Now she was silent.

The man looked up when he had waited a seeming century for the expected torrent of reproach.

She was standing supporting herself upon her downward stretched arms, her hands resting on the table. Her face was pallid and her magnificent figure rigid. The scarlet fullness of her lips had gone bloodless. Her eyes were stupefied.

At length she straightened herself, let go her support upon the table and went slowly like a sleep-walker from the room. She had not spoken. She had not said good-by, but Louis Delgado knew that she had walked out of his life.

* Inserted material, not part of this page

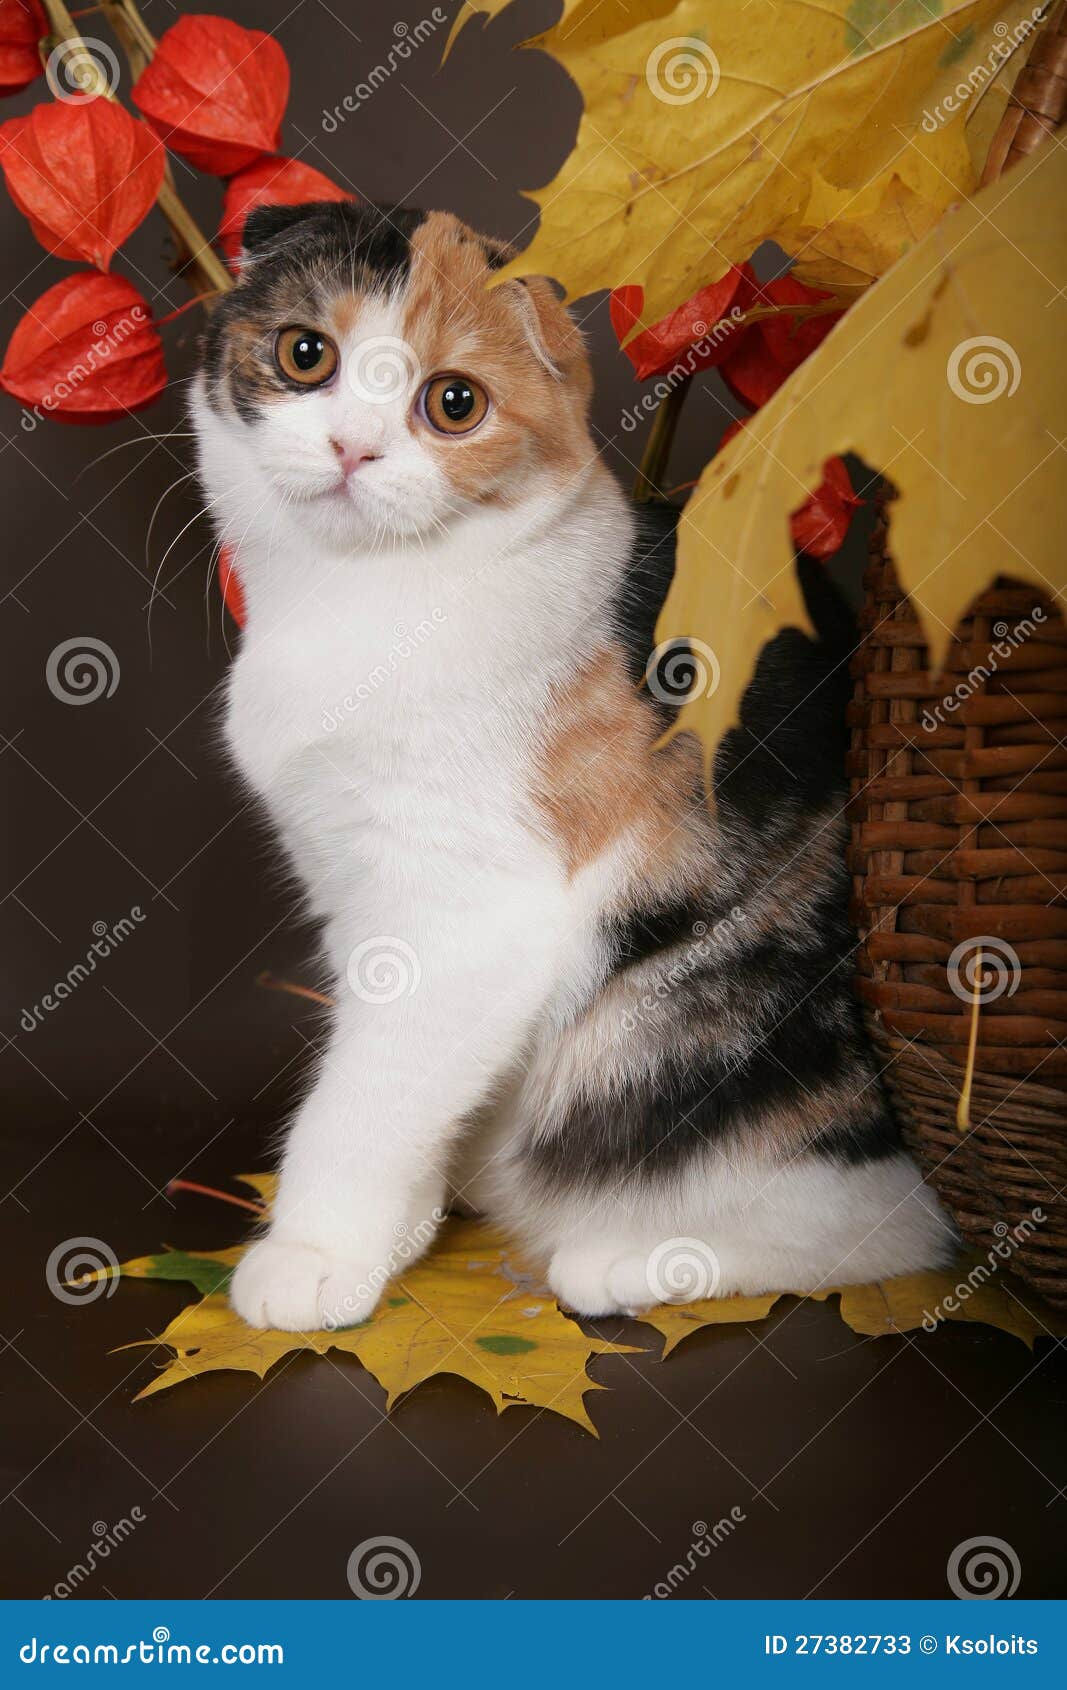 Scottish Fold Cat With Leaves Stock Photos  Image: 27382733
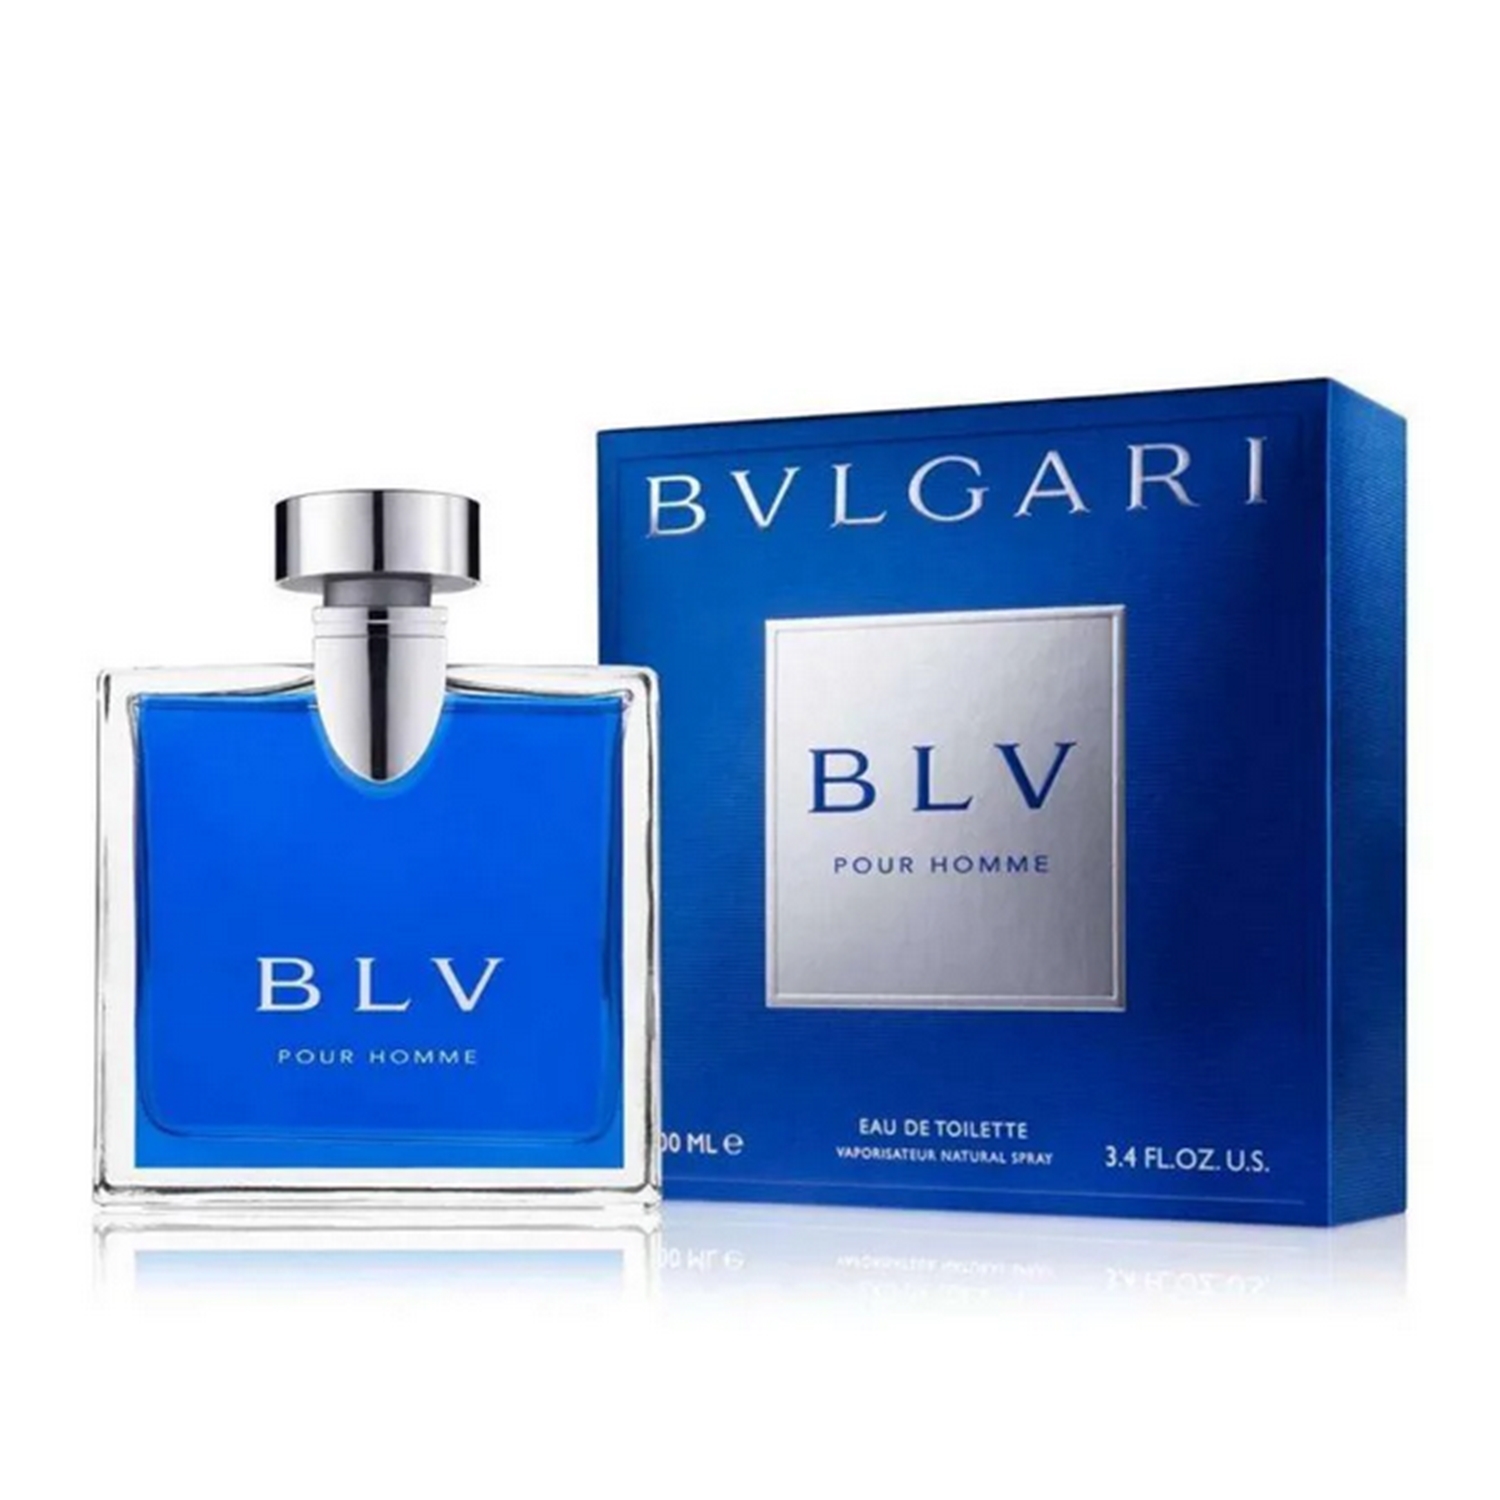 BLV Pour Homme Bvlgari cologne - a fragrance for men 2001

That evening Monsieur Jusseret of the French Cabinet Noir met, as if by chance, young Lieutenant Lapas, who was now high in the favor of the new government. Jusseret knew that the lure which had drawn young Lapas away from the confidence of Karyl to the uncertain standard of Delgado had been the influence of the Countess Astaride. He knew that Lapas loved her hopelessly, willing even in her name to serve the greater man who loved her more successfully. His attachment was that of the boy for the woman who is mistress of all the mature arts of charm. This love could be turned into the fanatic's zeal; this boy could be led to the extreme of martyrdom, if the strings of his characterless nature were played upon with a skill sufficiently consummate. Jusseret knew also a number of other things. He knew that whereas he had, to all seeming, brought a difficult task to completion, he was in reality not yet half through. His own vision went farther into the future, and recognized in the present only a mile-post far from the ultimate.

He led Lapas to his own rooms. He was leaving for Paris the following morning, he explained, and wished a brief conference.

Jusseret could, when occasion demanded, be not only calm and self-sufficient, but also emotional. Now he was emotional.

"Rarely, indeed," he began, "do I permit personal indignation to excite me. But this is so unspeakable that I wished to talk to you. You enjoy the confidence of the Countess Astaride?"

"Only in a humble way," confessed young Lapas.